PEP 597: Enable UTF-8 mode by default on Windows

Hi, all.

Here is the 2nd edition of the PEP 597. (The 1st edition is here)

I had proposed to change the default text encoding to UTF-8 in the previous edition. But it was backward incompatible change. And raising DeprecationWarning when encoding is ommitted is huge pain.

This time, I am proposing to utilize the UTF-8 mode by enabling it by default on Windows.

I don’t propose it for Python 3.9 because I want to get feedback about UTF-8 mode on Windows from users. I documented the UTF-8 mode on Windows (link) already. I want to recommend the UTF-8 mode for Windows users in 2020.


Abstract

This PEP proposes to make UTF-8 mode [#]_ enabled by default on
Windows.

The goal of this PEP is providing “UTF-8 by default” experience to
Windows users like Unix users.

Motivation

UTF-8 is the best encoding nowdays

Popular text editors like VS Code uses UTF-8 by default.
Even Microsoft Notepad uses UTF-8 by default since the Windows 10
May 2019 Update.
Additionally, the default encoding of Python source files is UTF-8.

We can assume that most Python programmers use UTF-8 for most text
files.

Python is one of the most popular first programming languages.
New programmers may not know about encoding. If the default encoding
for text files is UTF-8, they can learn about encoding when they need
to handle legacy encoding.

People assume the default encoding is UTF-8 already

Developers using macOS or Linux may forget that the default encoding
is not always UTF-8.

For example, long_description = open("README.md").read() in
setup.py is a common mistake. Many Windows users can not install
the package if there is at least one emoji or any other non-ASCII
character in the README.md file.

Even Python experts assume that default encoding is UTF-8.
It creates bugs that happen only on Windows. See [#]_ and [#]_.

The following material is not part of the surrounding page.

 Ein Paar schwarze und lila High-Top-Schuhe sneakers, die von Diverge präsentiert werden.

Changing the default text encoding to UTF-8 will help many Windows
users.

Specification

Enable UTF-8 mode on Windows unless it is disabled explicitly.

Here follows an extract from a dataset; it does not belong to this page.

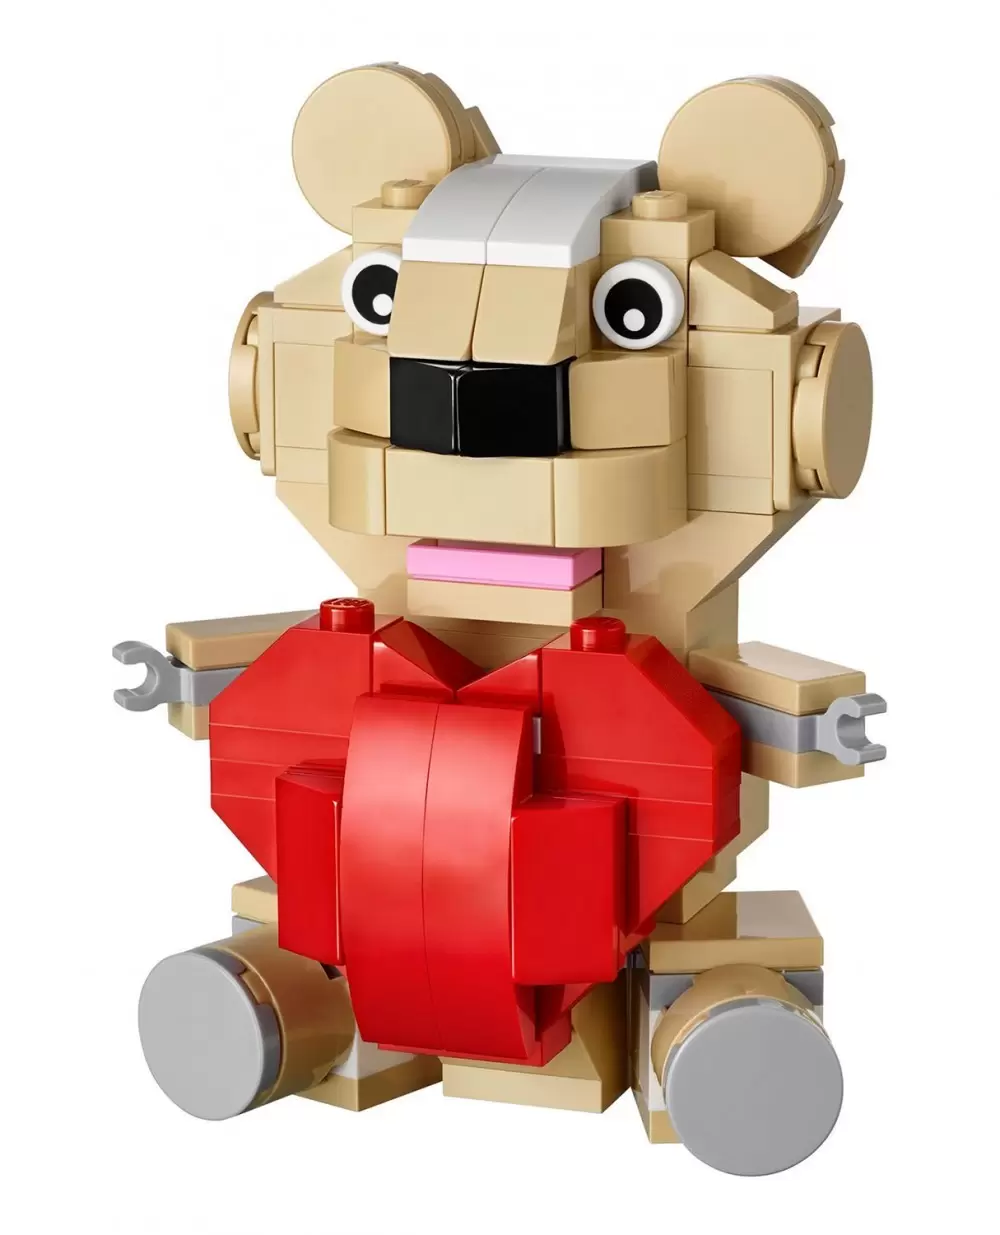 LEGO Saisonnier - Valentine Teddy Bear

UTF-8 mode affects these areas:

  • locale.getpreferredencoding returns “UTF-8”.

    • open, subprocess.Popen, pathlib.Path.read_text,
      ZipFile.open, and many other functions use UTF-8 when
      the encoding option is omitted.
  • The stdio uses “UTF-8” always.

    • Console I/O uses “UTF-8” already [#]_. So this affects
      only when the stdio are redirected.

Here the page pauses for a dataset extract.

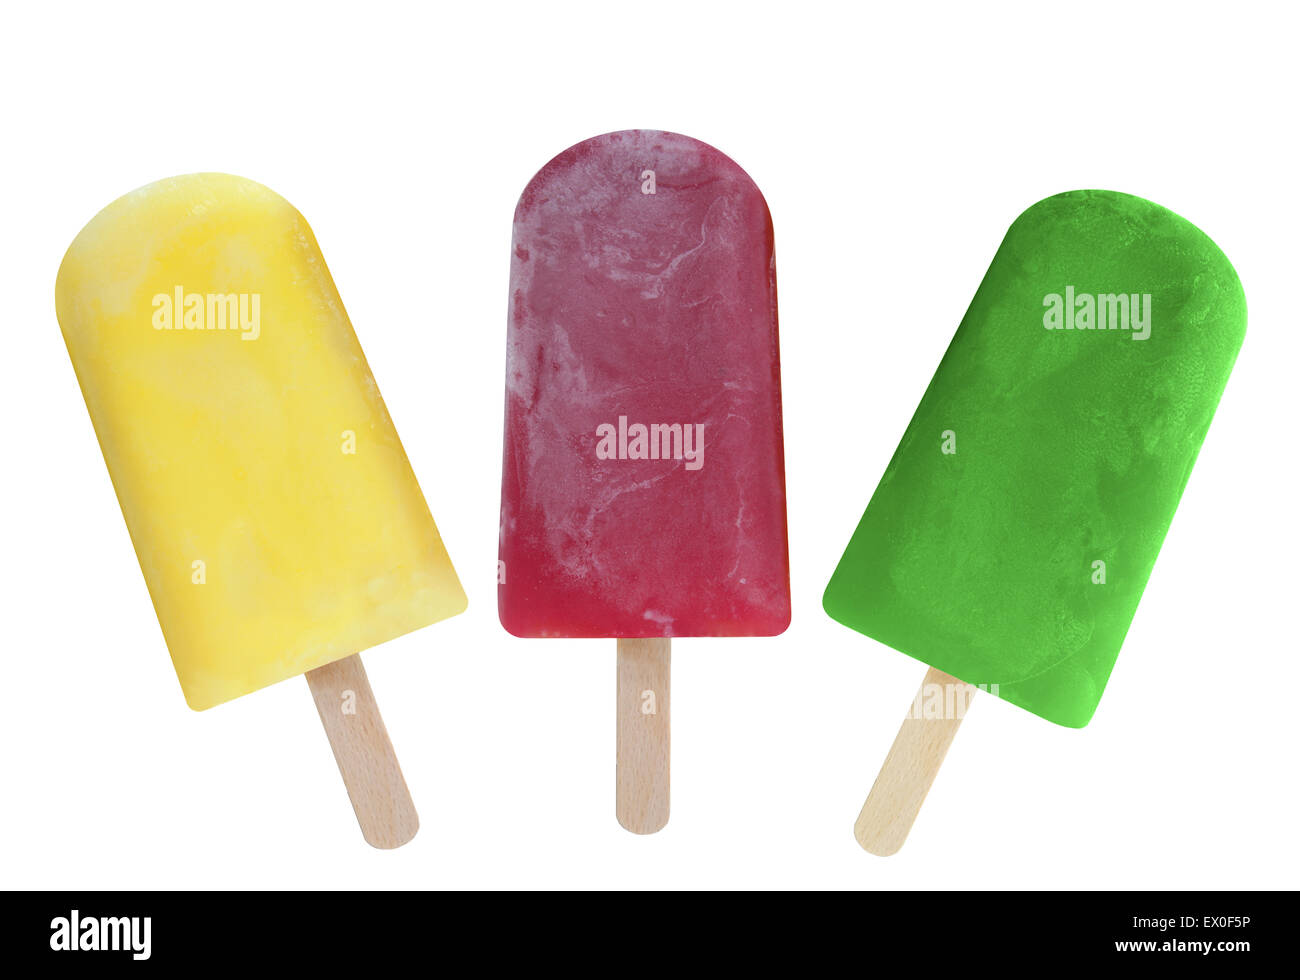 Fruit ice lollies immagini e fotografie stock ad alta risoluzione - Alamy

On the other hand, UTF-8 mode doesn’t affect to “mbcs” encoding.
Users can still use system encoding by choosing “mbcs” encoding
explicitly.

Backwards Compatibility

Some existing applications assuming the default text encoding is the
system encoding (a.k.a. ANSI encoding) will be broken by this change.

Users can disable the UTF-8 mode by environment variable
(PYTHONUTF8=0) or command line option (-Xutf8=0) for backward
compatibility.

Rejected Ideas

Change the default encoding of TextIOWrapper to “UTF-8”

This idea changed the default encoding to UTF-8 always, regardless of
platform, locale, and environment variables.

While this idea looks ideal in terms of consistency, it will cause
backward compatibility problems.

Utilizing the UTF-8 mode seems better than adding one more backward
compatibility option like PYTHONLEGACYWINDOWSSTDIO.

Reference Implementation

To be written.

References

… [#] PEP 540 -- Add a new UTF-8 Mode <https://www.python.org/dev/peps/pep-0540/>_
… [#] https://github.com/pypa/packaging.python.org/pull/682
… [#] https://bugs.python.org/issue33684
… [#] PEP 528 -- Change Windows console encoding to UTF-8 <https://www.python.org/dev/peps/pep-0528/>_

2 Likes

To save me doing the diff by hand on my phone, exactly what has changed from the last time this was proposed?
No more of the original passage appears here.